• _RECORDED DATA_:
==*==

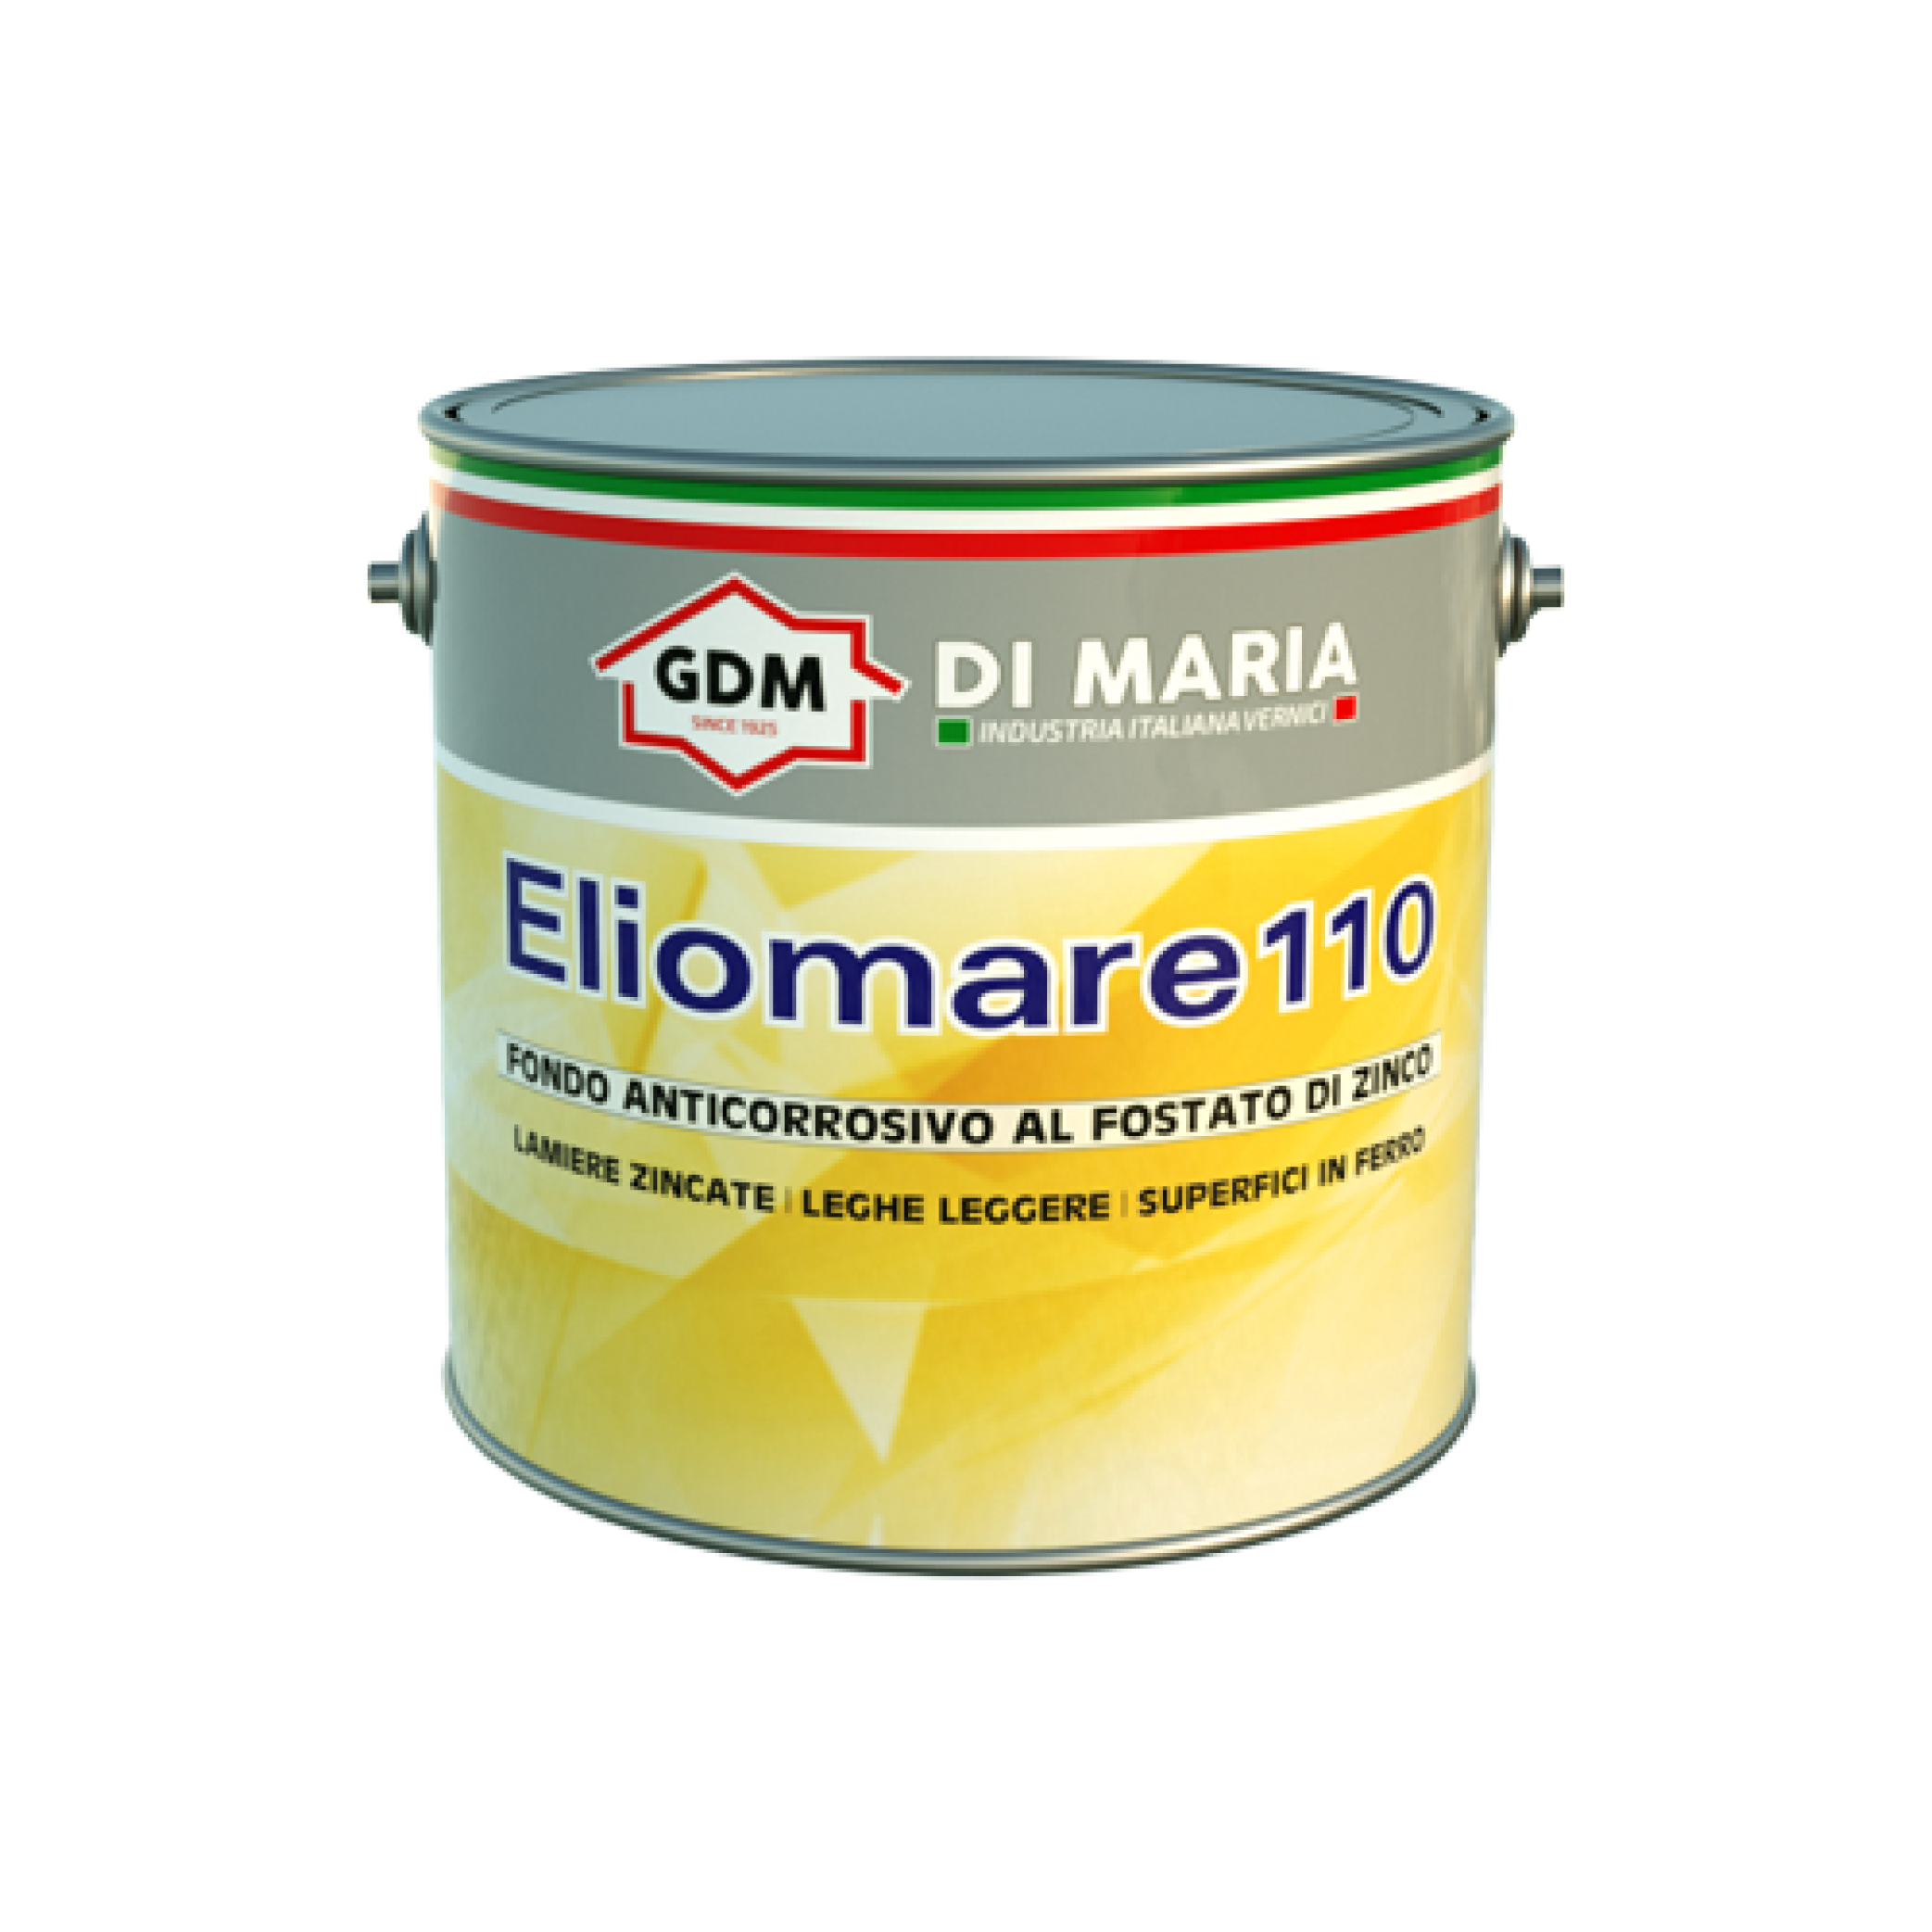 ELIOMARE 110 - GDM
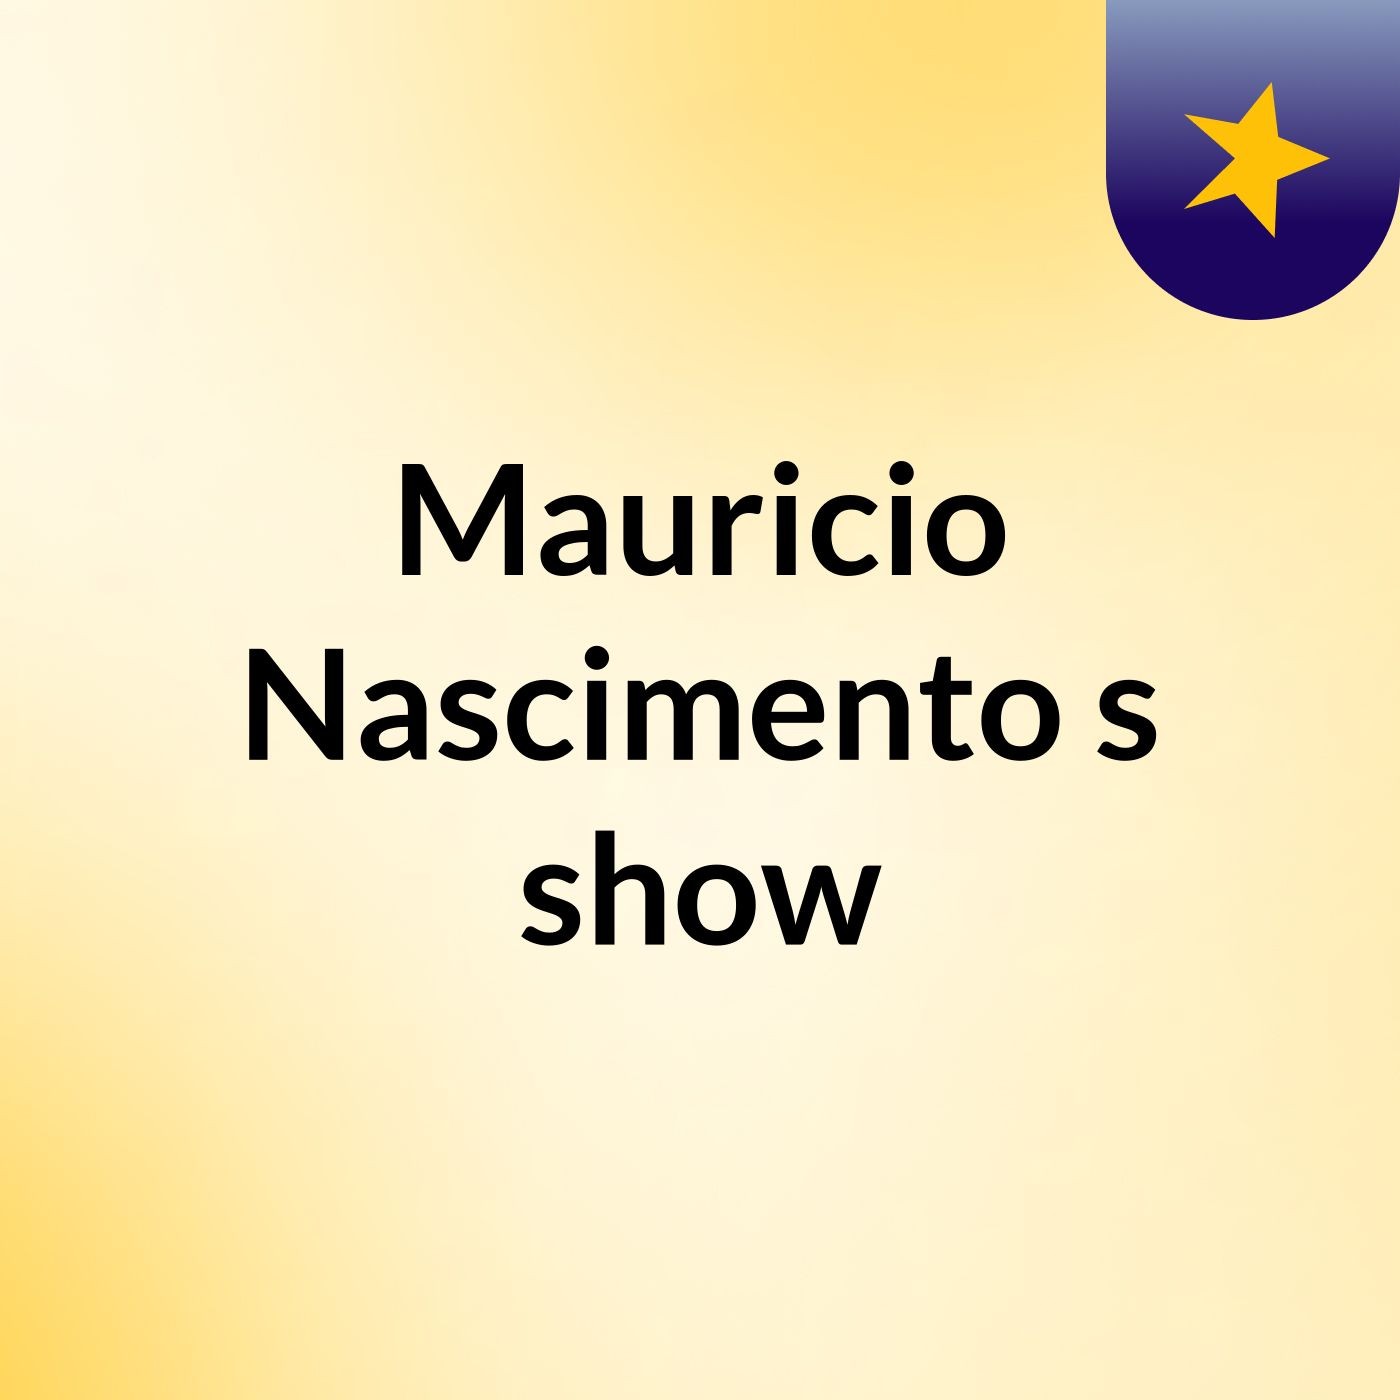 Mauricio Nascimento's show
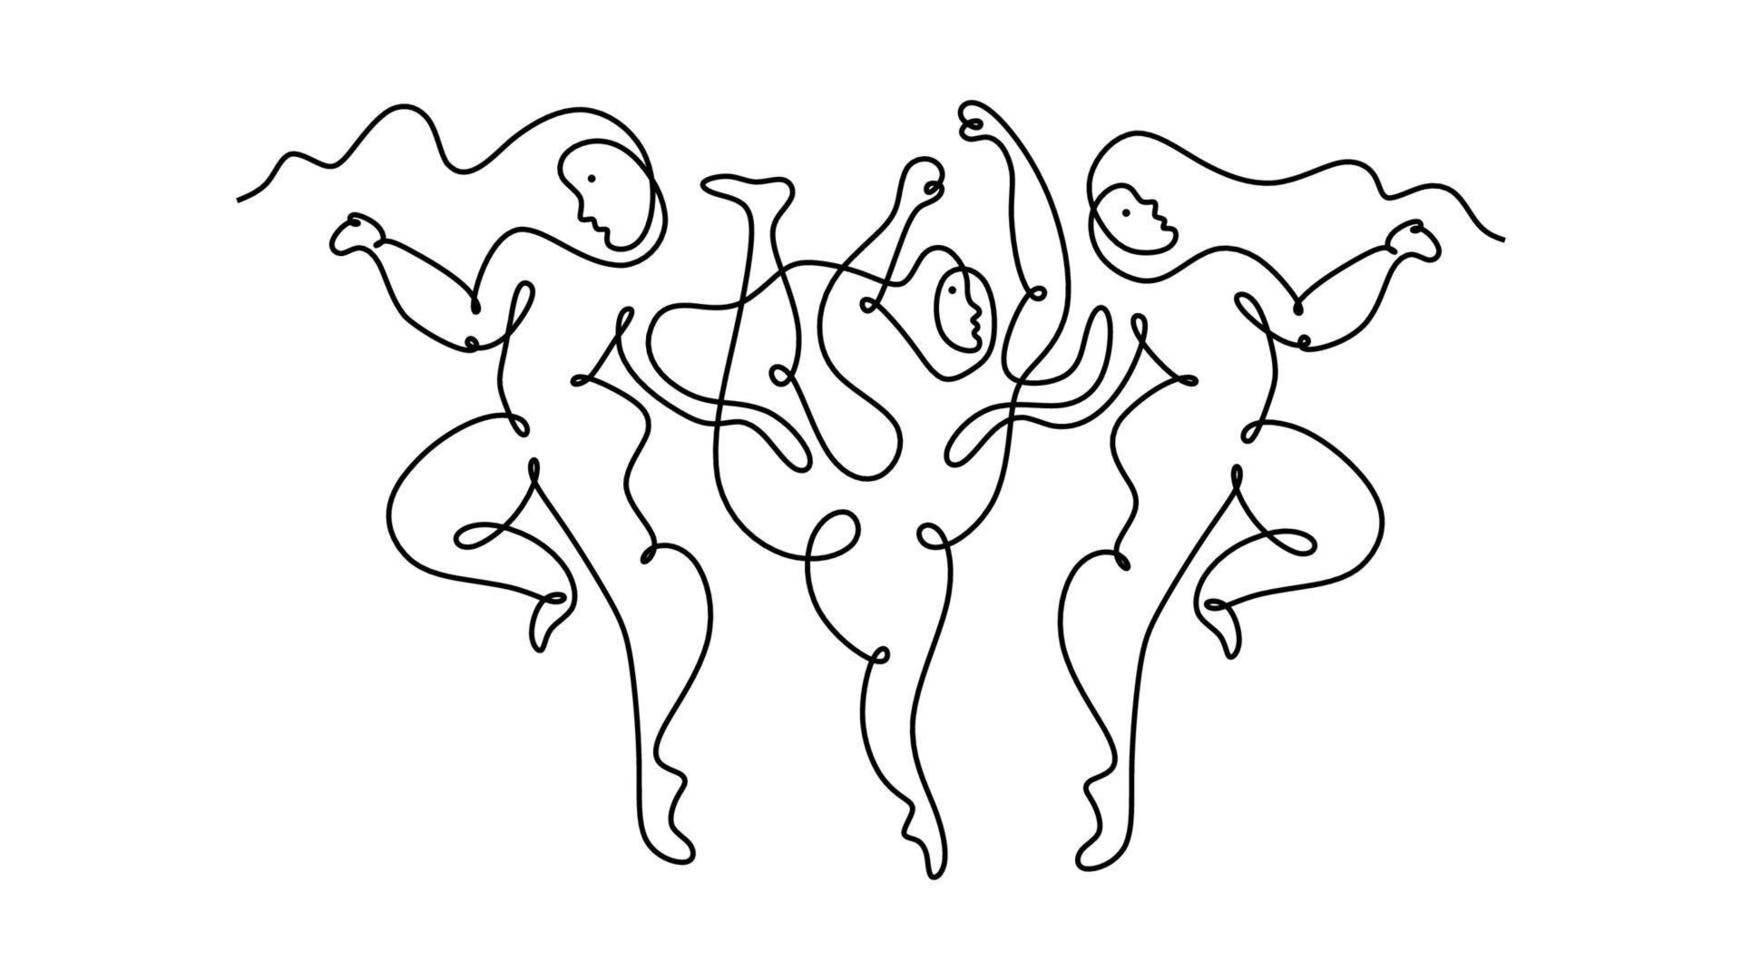 een doorlopend single lijn tekening van dansen mensen picasso. vector

==*==

• _WHAT YOU WILL DO_: All of the material above must be given again verbatim, except for the pictures.

• _ANSWER SPACE_:
 ELIOMARE 110 - GDM
 Mauricio Nascimento's show
 een doorlopend single lijn tekening van dansen mensen picasso. vector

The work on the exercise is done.